I can handle the linear algebra Q, mabye that will help.

I guess what I'm looking for is something like the relationship between energy and matter where C is that relationship

[Erasmus00]

I understand that the electromagnetic, strong and weak nuclear forces have been united. Can anyone tell me, with out using math, what is that relationship?

 

I'll try and start with electric and magnetic forces. I'm assuming you know that an electric field acts on a charged particle, while a magnetic field acts on a moving charged particle.

 

Consider the simple case of a uniform magnetic field in all of space and a slow moving particle traveling in that field. It undergoes some acceleration due to the force of a magnetic field.

 

Now, imagine that you are riding along on top of the charge. In this case, it looks to you like the charge isn't moving, but the magnetic field somehow is. This "moving magnetic field" creates a force on your stationary charge, i.e. this field is an electric field. (you must experience the same force, because the principle of relativity tells you that physics cannot be frame dependant).

 

This would be much easier to do with pictures, but I hope you get the idea that electric and magnetic fields change into one another depending on frame of reference. This implies they are just different aspects of the same thing.

-Will

[Qfwfq]

I guess what I'm looking for is something like the relationship between energy and matter where C is that relationship

That seems more like special relativity than the standard model.

 

The crux is that mass is energy. In natural units, c = 1 because a second is a "length" equal to 300 million metres but in a timelike direction, instead of spacelike. In this way the famous formula is really E = m, and it's just the p = 0 case of:

 

m^2 = E^2 - p^2.

 

Mass is a scalar (in Minkowskian geometry), m^2 is the scalar product of the energy-momentum 4-vector (according to the Minkowski metric). This differs from a 4-D Euclidean metric by having the time-time component of opposite sign to the other three diagonal elements.

 

E is called the total energy, it is the sum of rest energy plus kinetic energy where the rest energy is the mass. This is an equation concerning a free particle, no potential energy, it simply gives the relation between energy, 3-momentum and mass.

 

Note that in a Lorentz-covariant treatment, the gamma factor is in the 4-vector components, so the p is actually Newton's momentum divided by the usual root of 1 - v^2. If you write it the way Einstein and Planck did you get the increasing mass that people still talk about but which isn't a good 4-tensor notaion; mass is a scalar and isn't dependant on velocity. It's the total energy that increases.

 

Mass is therefore the energy a body is "made of", at rest with the observer, and comprises any internal kinetic and potential terms so that it isn't exactly equal to the sum of the masses of constituent particles. A piece of iron has a slightly greater mass when it is hot because of the greater kinetic energy of its parts (according to the centre of mass coordinates). Also, it would take energy to evaporate the iron atoms, therefore the mass of the piece of iron isn't exactly equal to that of the same atoms in the vapour state, even at the same temperature. The same goes for atoms (that's how chemical reactions can be exothermic or endothermic) and the same goes for atomic nuclei (that's how atom bombs work).

[Little Bang]

It seems like your say that the equation E = MC^2 is not truely an equality. Tell me if I'm wrong, but I thought that the annhilation of a particle anti-particle exactly fit the equation?

[Qfwfq]

It's an equality for p = 0.

 

For e- e+ anihilation, the nearst to exact you can do, in the c. m. coordinates, is the ground state of the positronium atom (if it can be called the "ground state" as it isn't stable, but you know what I mean). No atom has a mass exactly equal to the sum of masses. It is, however, a difference of few eV. For colliding e- and e+, the cross section is tiny but not exactly zero, anyway the photons would have a greater energy in the c. m. system.

[InfiniteNow]

No atom has a mass exactly equal to the sum of masses. It is, however, a difference of few eV.

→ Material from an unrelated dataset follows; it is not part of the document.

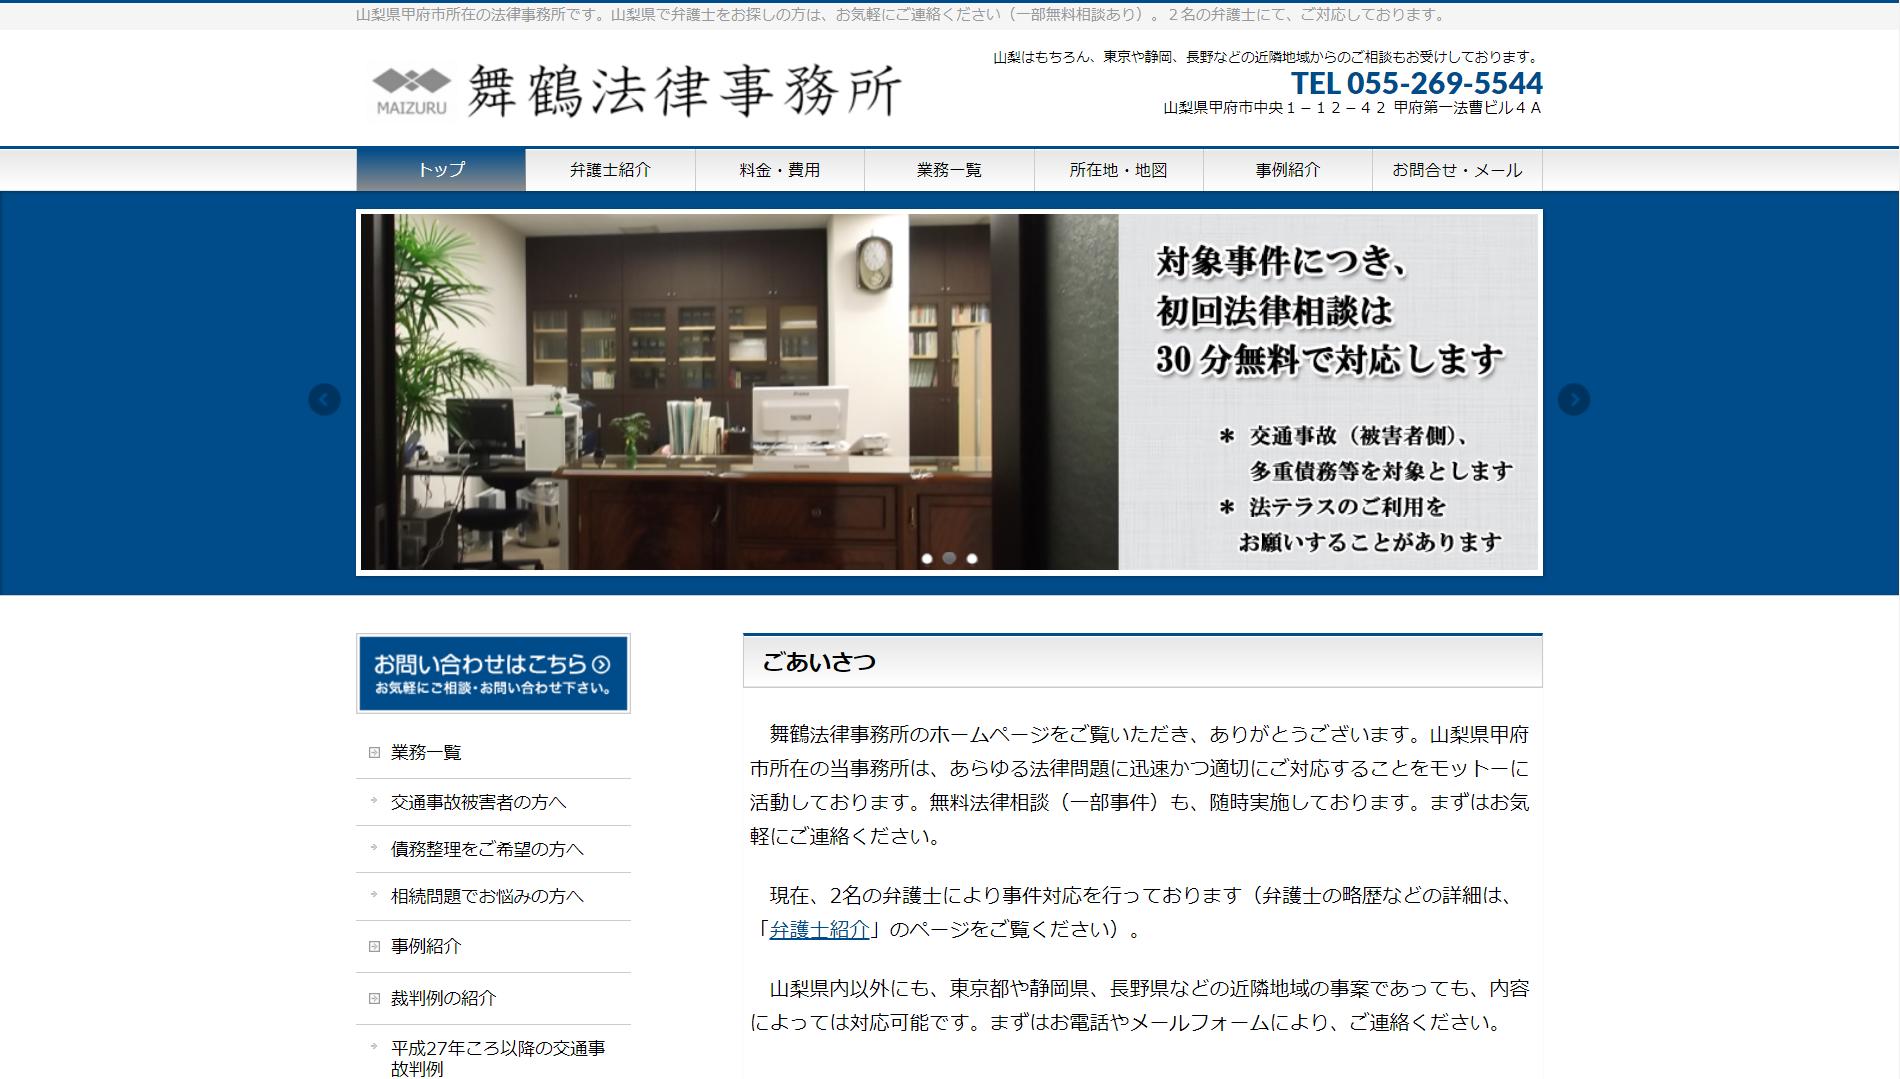 舞鶴法律事務所
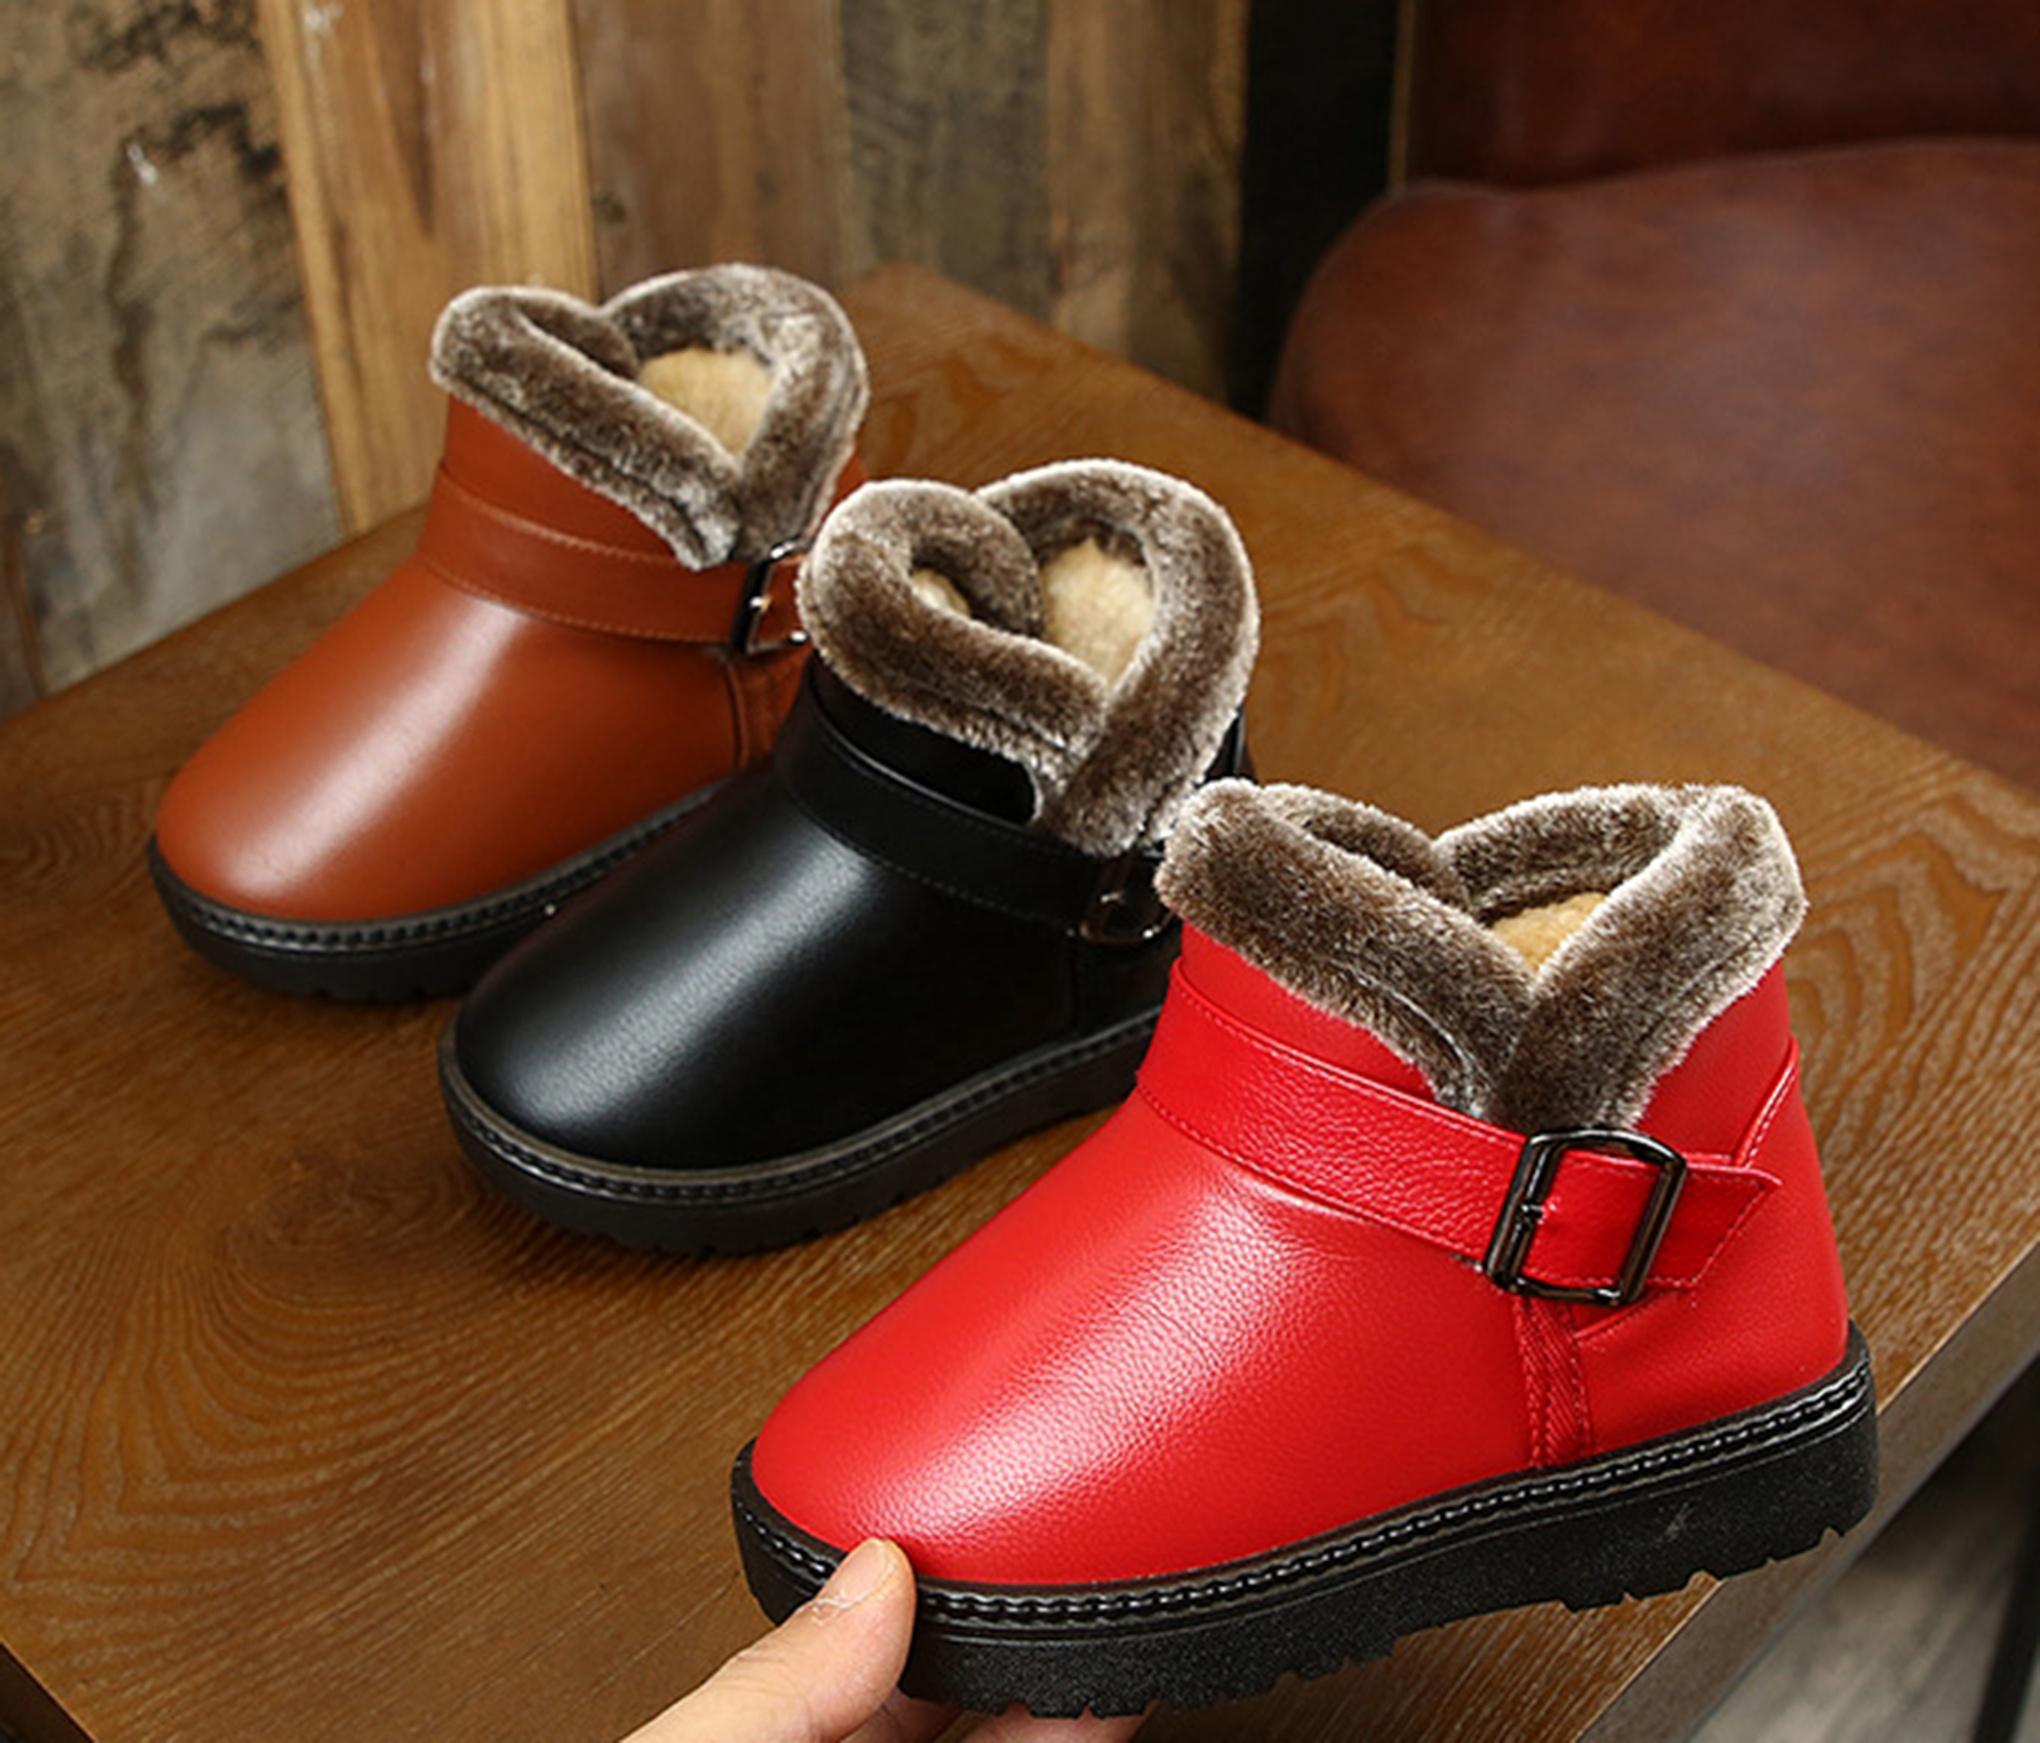 Trova le migliori stivali di gomma con pelo dentro

Is it that the mass of the whole is greater than the sum of the parts, or that the mass of the whole is less than the sum of the parts?

[sigsfried]

IT has a mass smaller (even if very slightly) than the sum of its parts.

[Qfwfq]

Is it that the mass of the whole is greater than the sum of the parts, or that the mass of the whole is less than the sum of the parts?

For "simple" cases you can argue that a completely stable bound state can't have a greater rest energy than the total of its parts separated but it can be more complicated than. When there are different possible ways of separating into parts it can also depend on which you consider. Some reactions are exothermic and some are endothermic.

[InfiniteNow]

The thought I took away from your answers is that some energy is lost while the "parts" combined, as Q mentioned, heat.